Not going to lie, keeping a deep connection with multiple people takes a lot of effort and scheduling. I have recently labeled one of my relationships as my primary. This relationship, in particular, is one I want to hold on to as long as I can and this is the one I put the most effort into. We have been fucking for over 12 years on and off. The time we spend apart is tough but every time we see each other it's like no time has passed. I feel like that's how all relationship should be. I have lovers that I see every month and some I see 3 or 4 times a year. It's just keeping an open form of communication and letting everyone know that you care.

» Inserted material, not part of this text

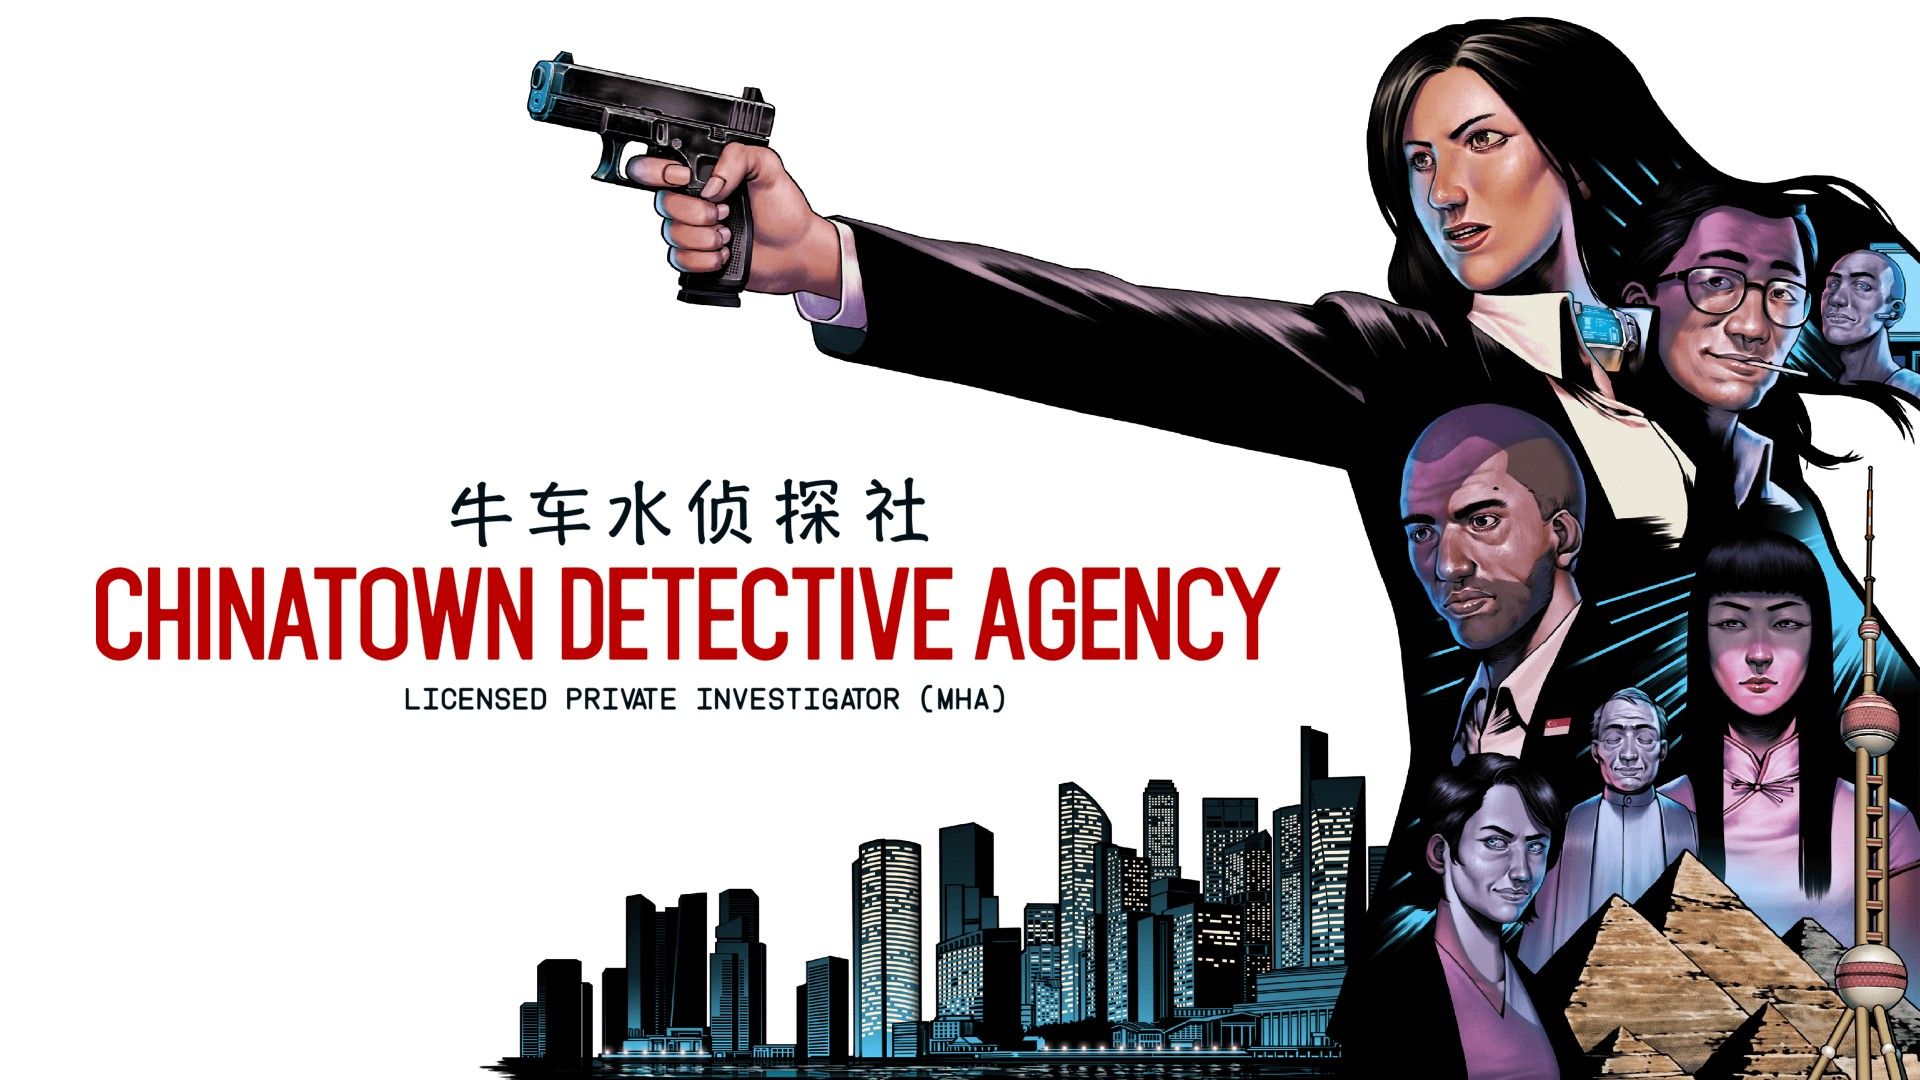 Chinatown Detective Agency promo art.

Jealousy drives from desire, selfishness and having a sense of possession. If you can step back and ask yourself why you're jealous, you can look at it in a more logical sense. Awhile ago he was telling me about some girls tight pussy and in my head, I'm saying, "is he telling me this because of he likes her pussy more than mine or is it because he's trying to tell me to tighten mine up". But in all actuality, he's just sharing an experience, He's telling me about something he's enjoying and all I want is for him to be happy. It doesn't matter if it's with or without me. I love him to a ridiculous amount and why would I hold him back from pleasure or love. If someone could love him better than me...wow....holy moly lol get it! I think he's such an amazing person, he has a kick-ass personality, a gorgeous body, and he's intelligent​, and I want to share him with the world. It would be a shame​ to keep this man to myself...people need to know about his guy lol. That's how I see him.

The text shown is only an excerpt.